About the only colors I'm sure about are, lol, the ceiling and trim. Going for basic ceiling white, hoping that would alleviate some of the squished sensation. Ditto for the trim, a basic "white" throughout. 

Walls, bathrooms, kitchen....no idea. I have a 6 YO and a 1 YO. the 6YO has her own room, and while I'm sure she'd love a pink room, I'm not quite ready for that. The dining room has a chair rail, and I'm toying with the idea of contrasting colors. I've been in some before and liked it, but have seen it two ways - dark on bottom and vice versa. To me, seems more balanced with dark on bottom, but what do I know?

Based on what I described in terms of furnishings and existing floor color, any thoughts/ideas on what colors can go into rooms? I'm pretty basic, clearly the opposite of contemporary/modern, so mauve or bumble bee yellow arent on my radar.

Thanks


----------



## garlicbreath (Jun 25, 2012)

Flat white ceiling. Semi gloss white trim. 
Why not paint a room pink? The kid is only a kid once. 

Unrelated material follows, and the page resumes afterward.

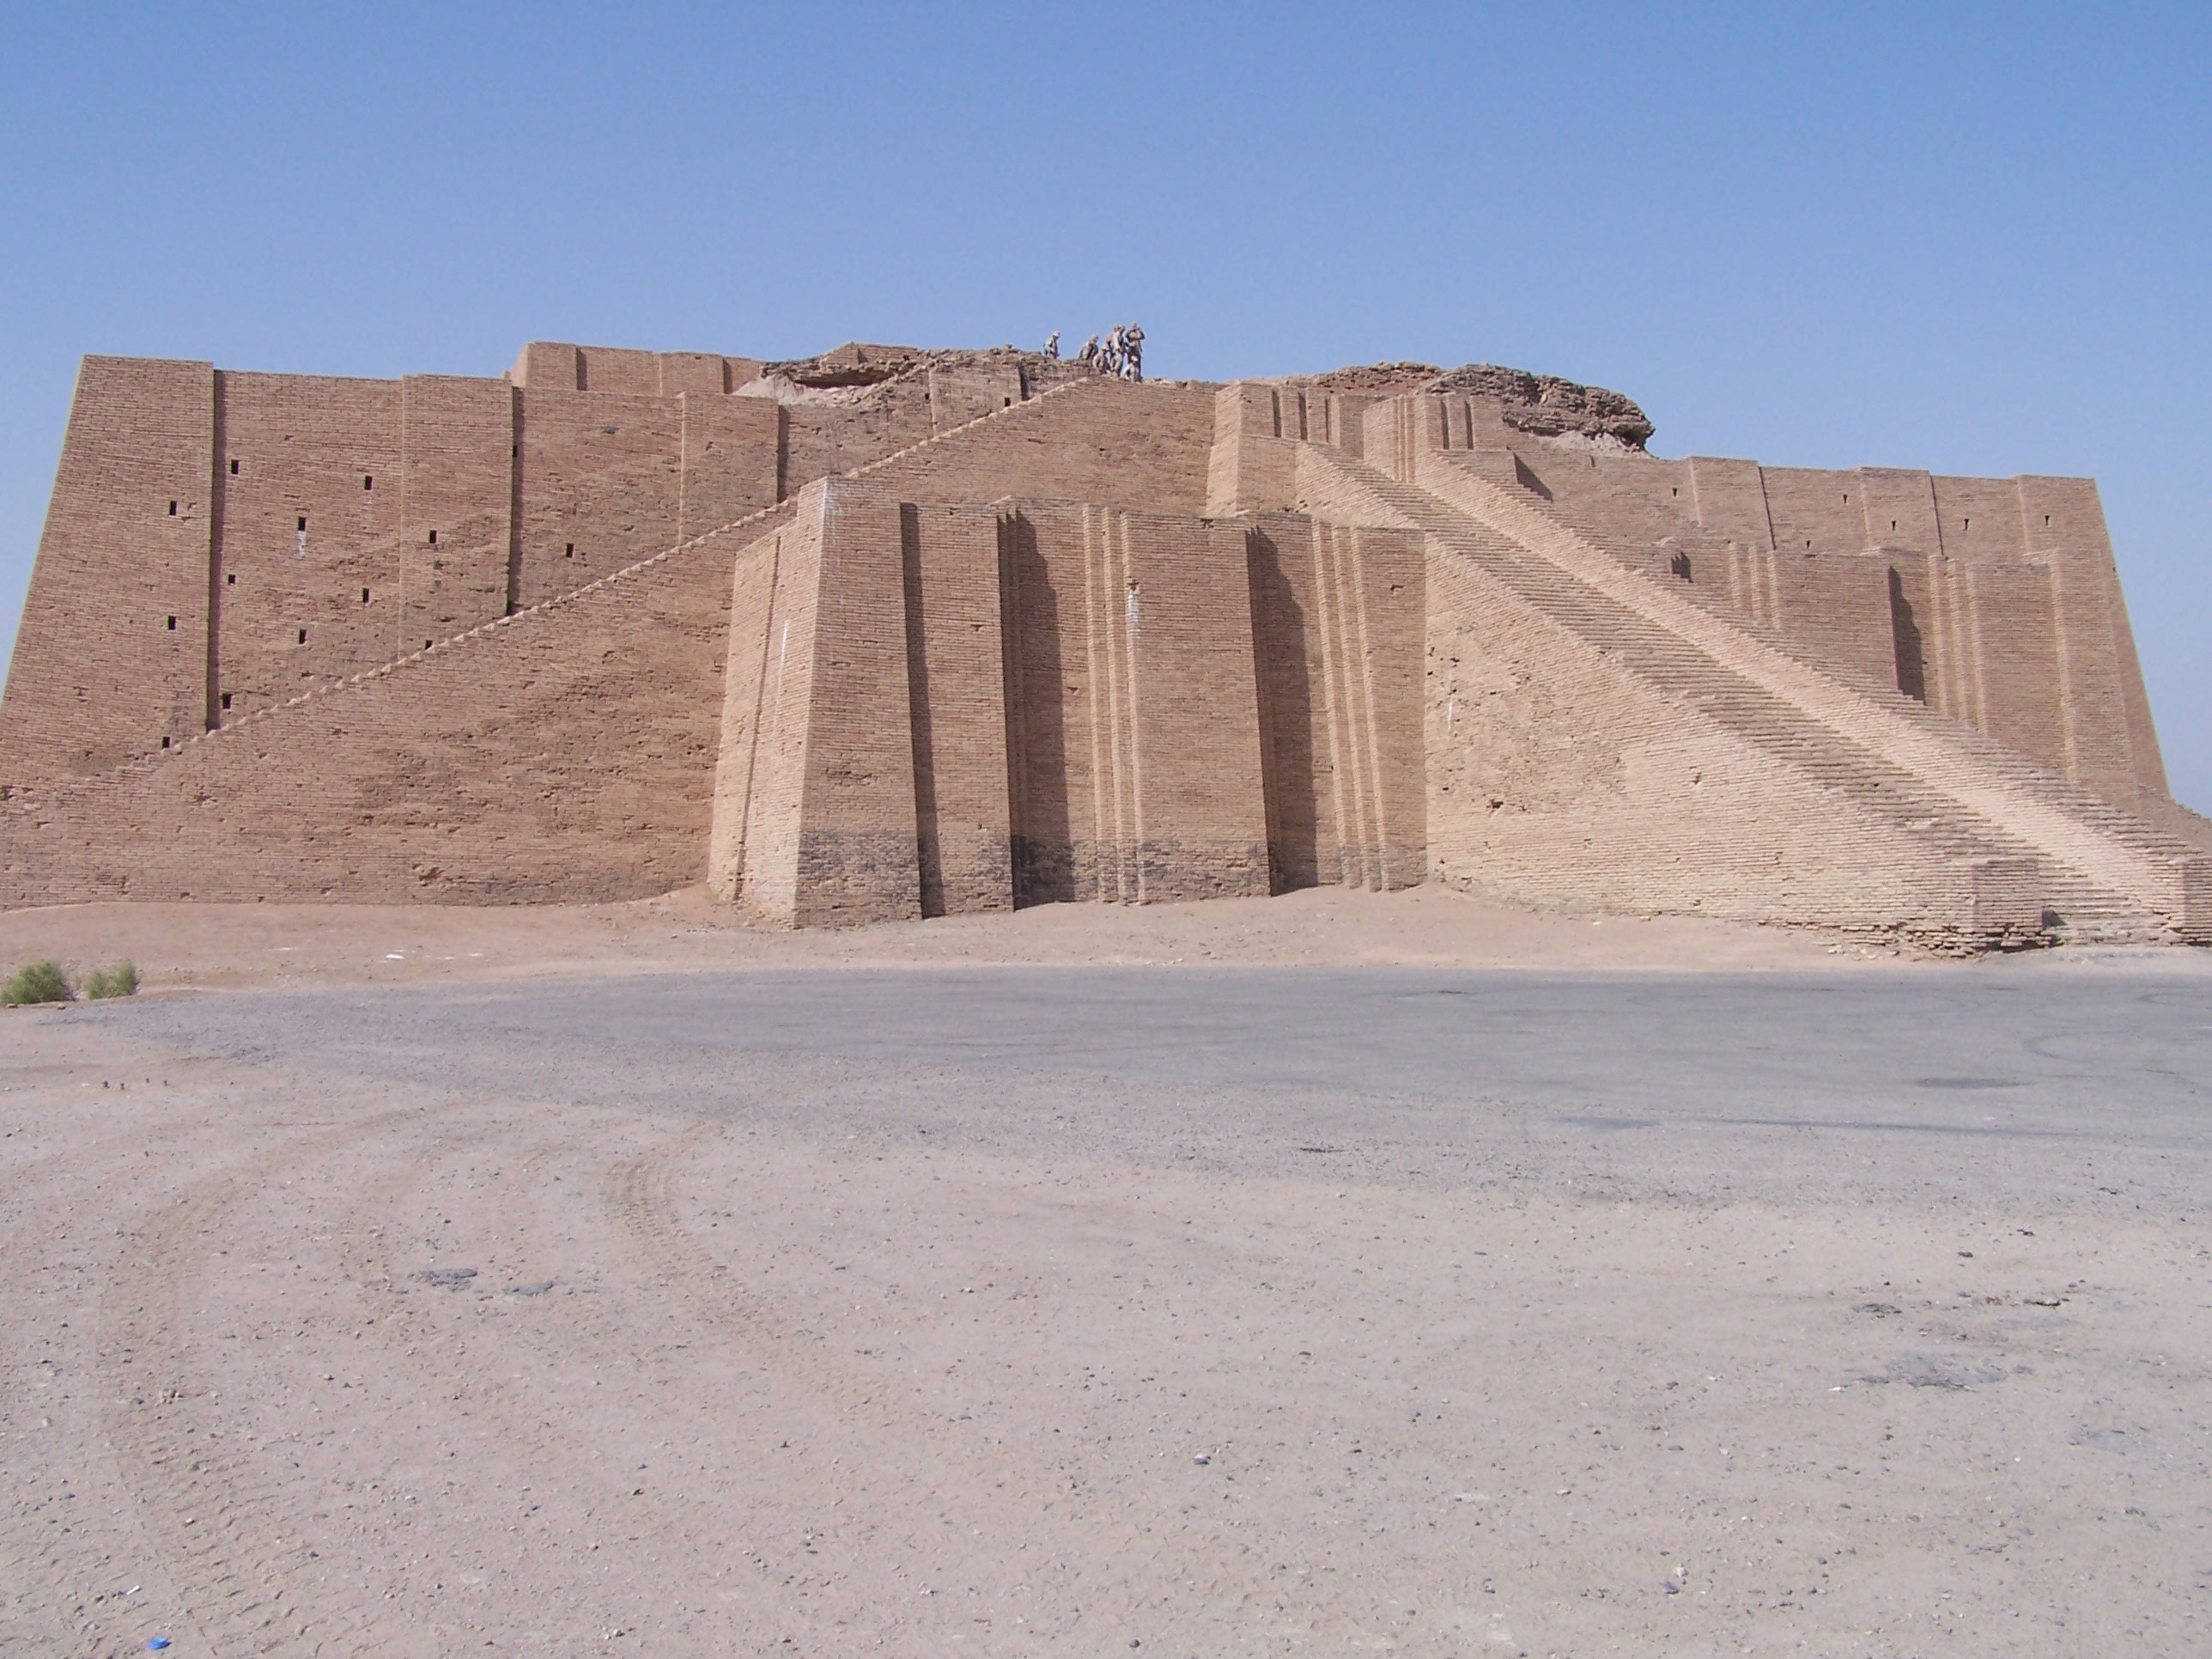 http://upload.wikimedia.org/wikipedia/commons/9/93/Ancient_ziggurat_at_Ali_Air_Base_Iraq_2005.jpg

Sent from my Motorola MicroTAC 9800X


----------



## garlicbreath (Jun 25, 2012)

http://www.diychatroom.com/showthread.php?p=1326767


Our color before trim.

Sent from my Motorola MicroTAC 9800X


----------



## diylife (Aug 2, 2014)

Definitely keep the ceiling white, just to keep everyone contrasting correctly to the eyes  That would be my opinion!


----------



## fortunerestore (Mar 6, 2014)

I agree that a 6 year old totally deserves a pink room of her own. That’s the least that you can do for her. The dining room rail should be polished in a wood color of your choice to give warmth to the area. I suggest that you keep the ceiling white throughout in order to create some uniformity. Last but not the least - go for colors that will last out for at least two to three years. No point in going with the trend and repainting after six months. Contrasting colors do well in the corridors and kitchen.


----------